**TASK GOAL:** Write out the listing below exactly, and omit any images you find in it.

**PROVIDED DATA:**
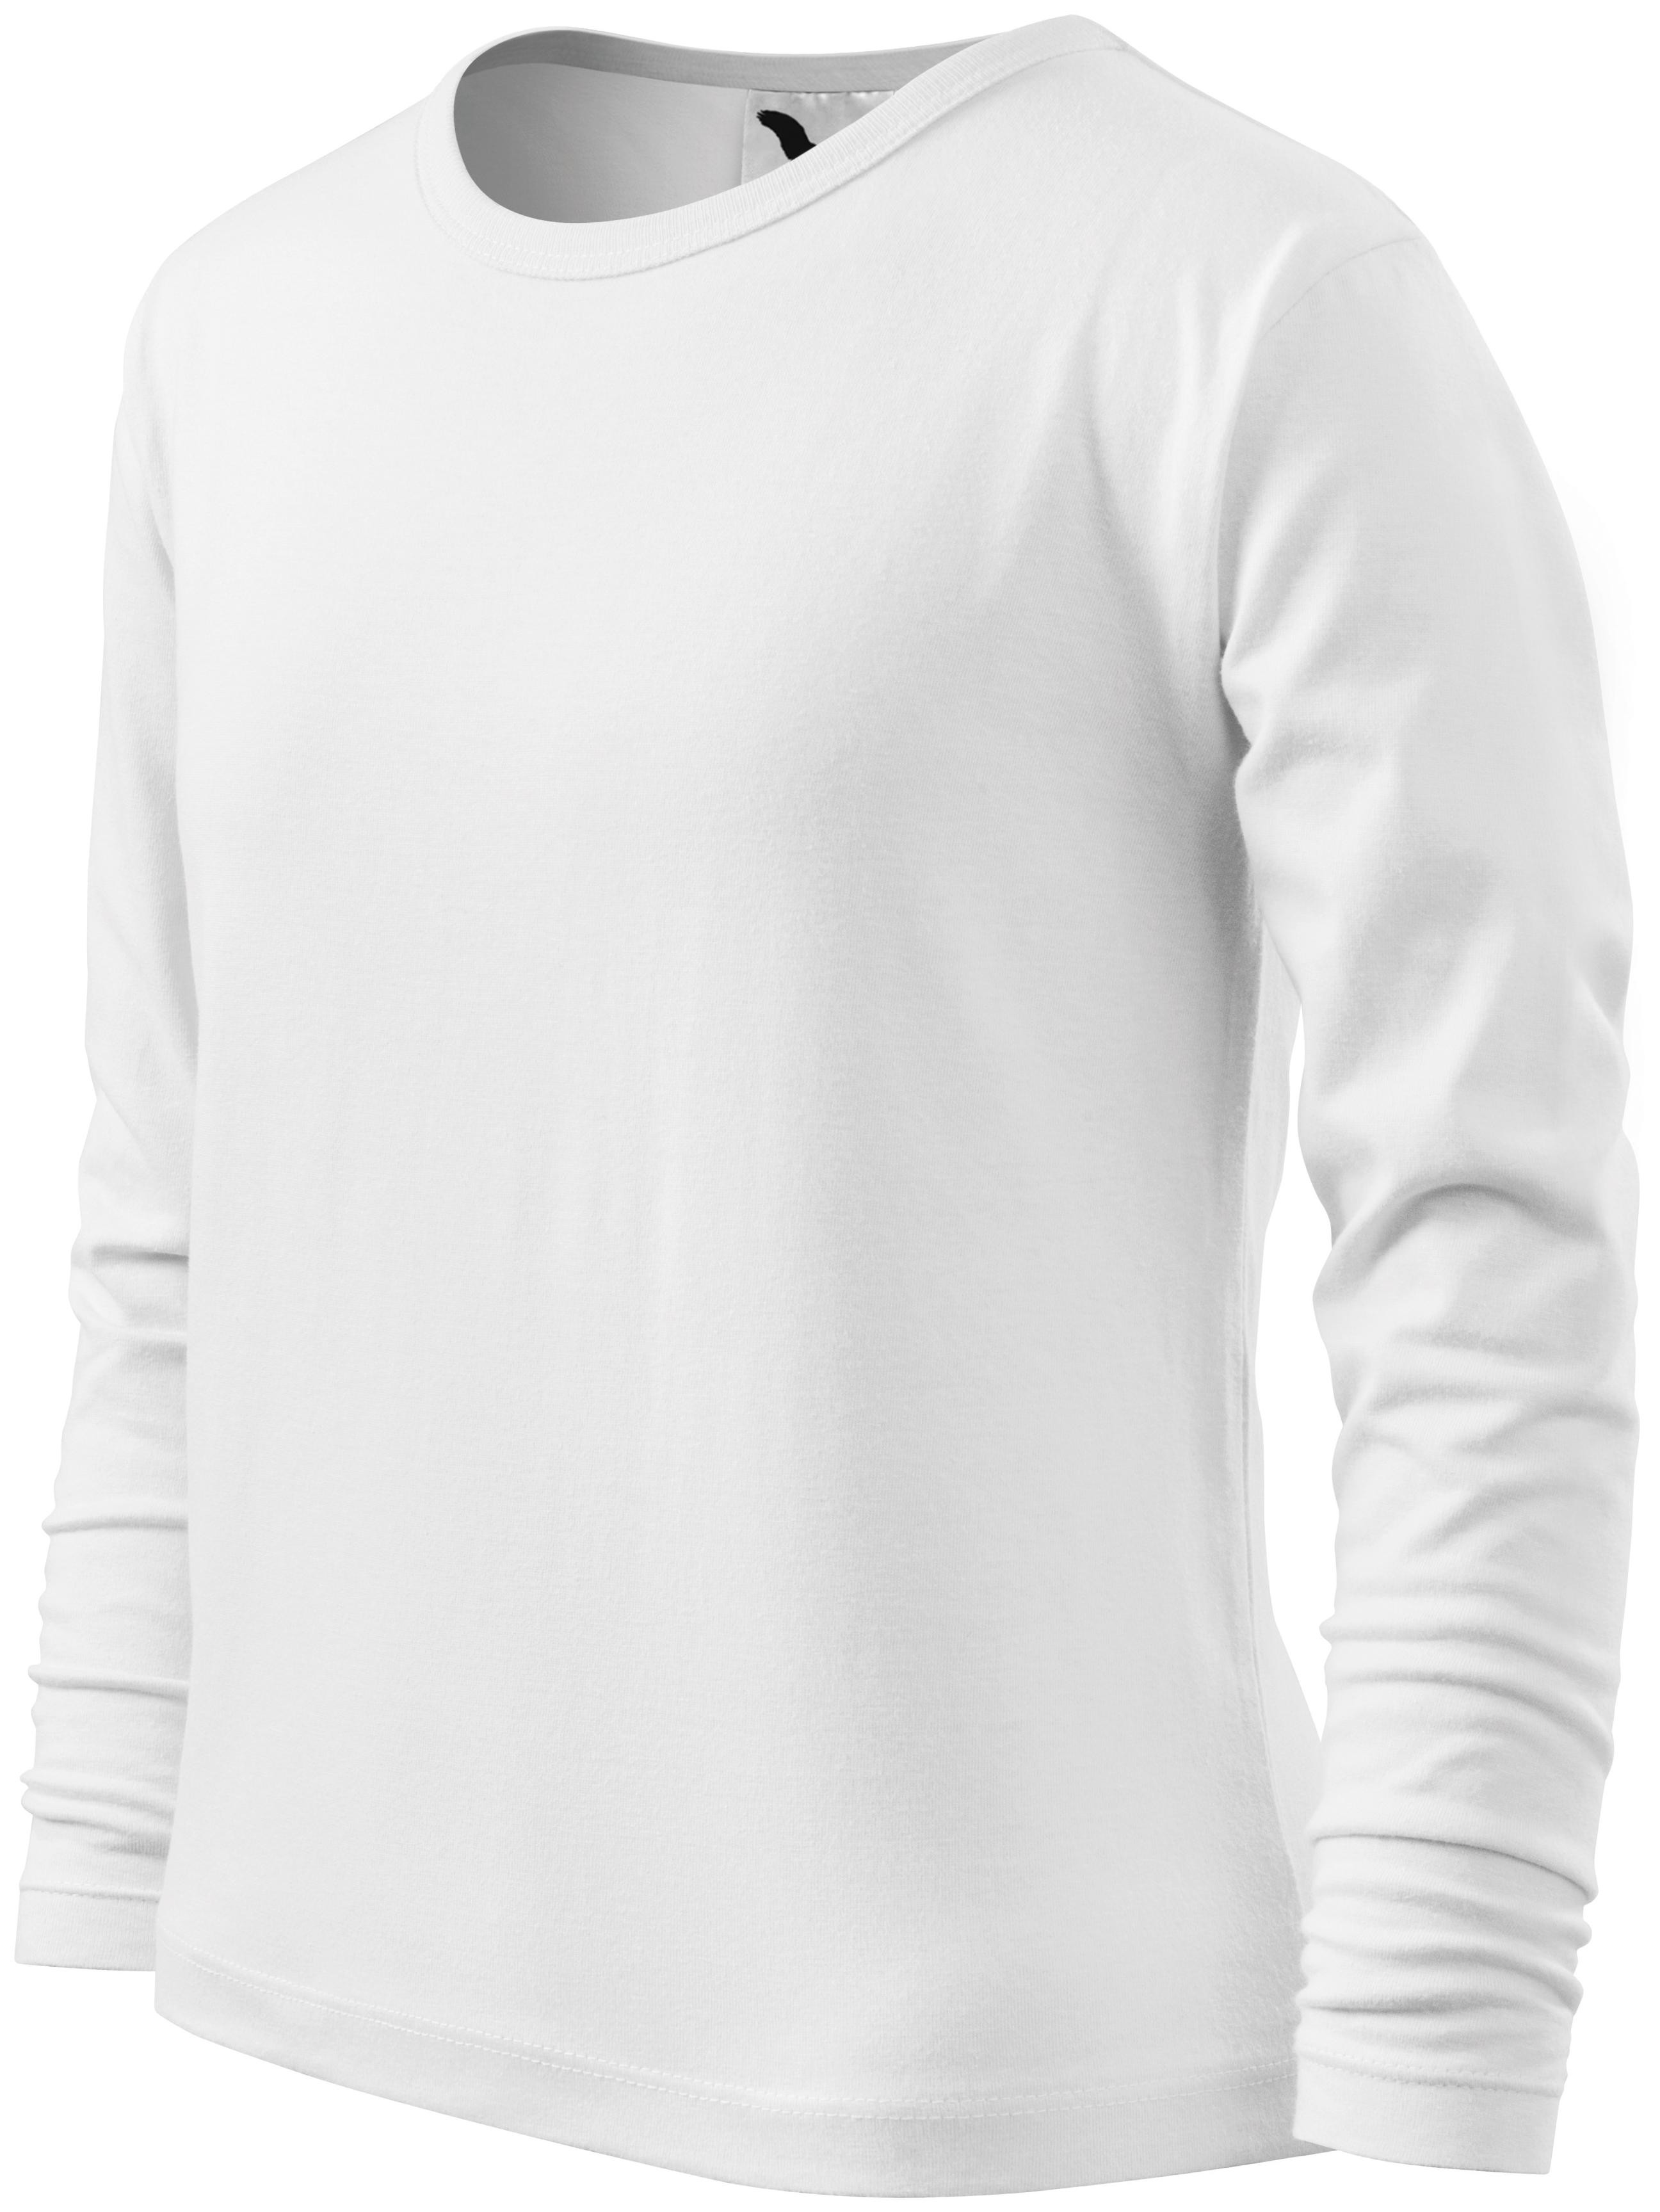 Detské tričko s dlhým rukávom, biela, 110cm / 4roky
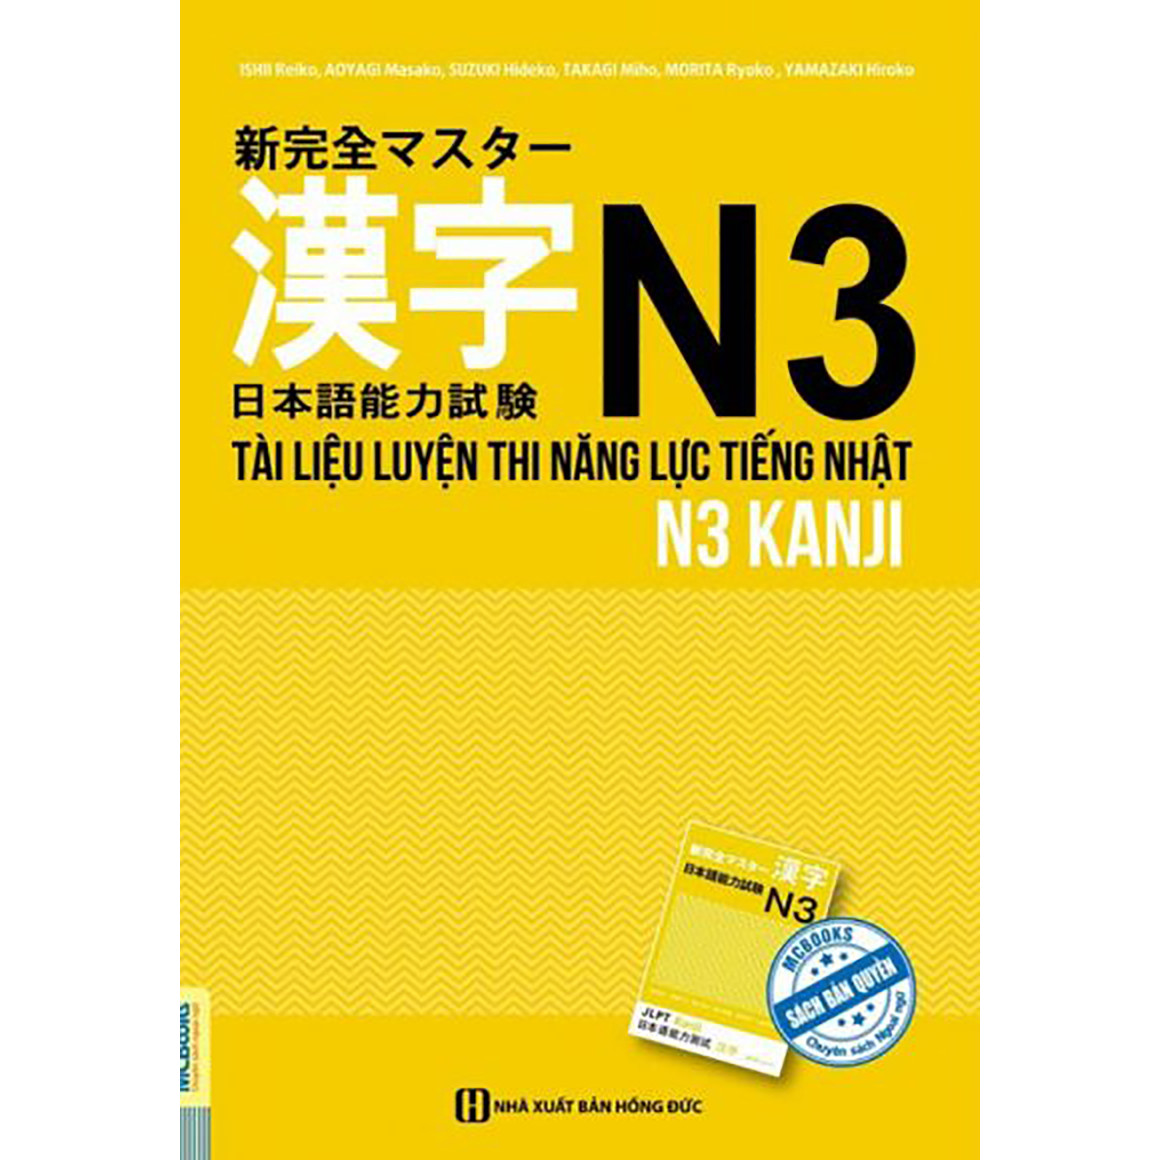 Tài Liệu Luyện Thi Năng Lực Tiếng Nhật N3 - Kanji Tặng Thẻ Flashcard Học Từ Vựng Kanji Học Kèm App MCBooks Application
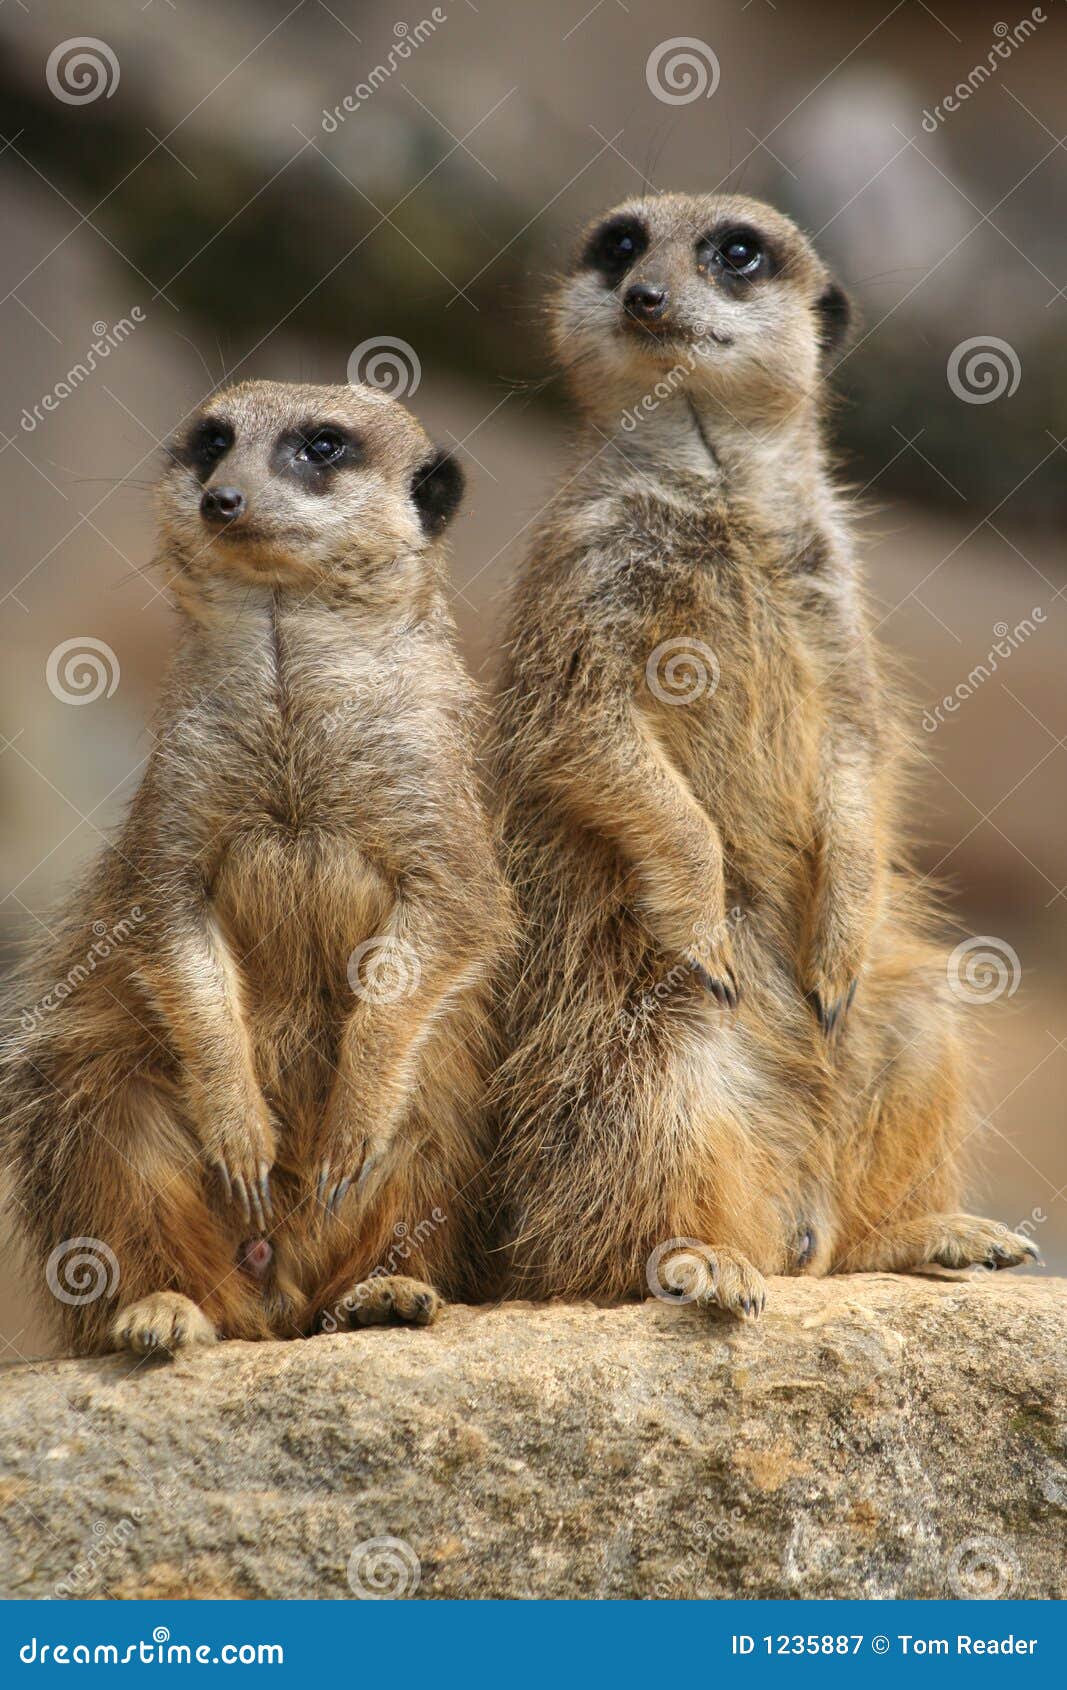 meerkats on lookout

**WRITTEN REPLY:**
 Detské tričko s dlhým rukávom, biela, 110cm / 4roky
 Tài Liệu Luyện Thi Năng Lực Tiếng Nhật N3 - Kanji Tặng Thẻ Flashcard Học Từ Vựng Kanji Học Kèm App MCBooks Application
 meerkats on lookout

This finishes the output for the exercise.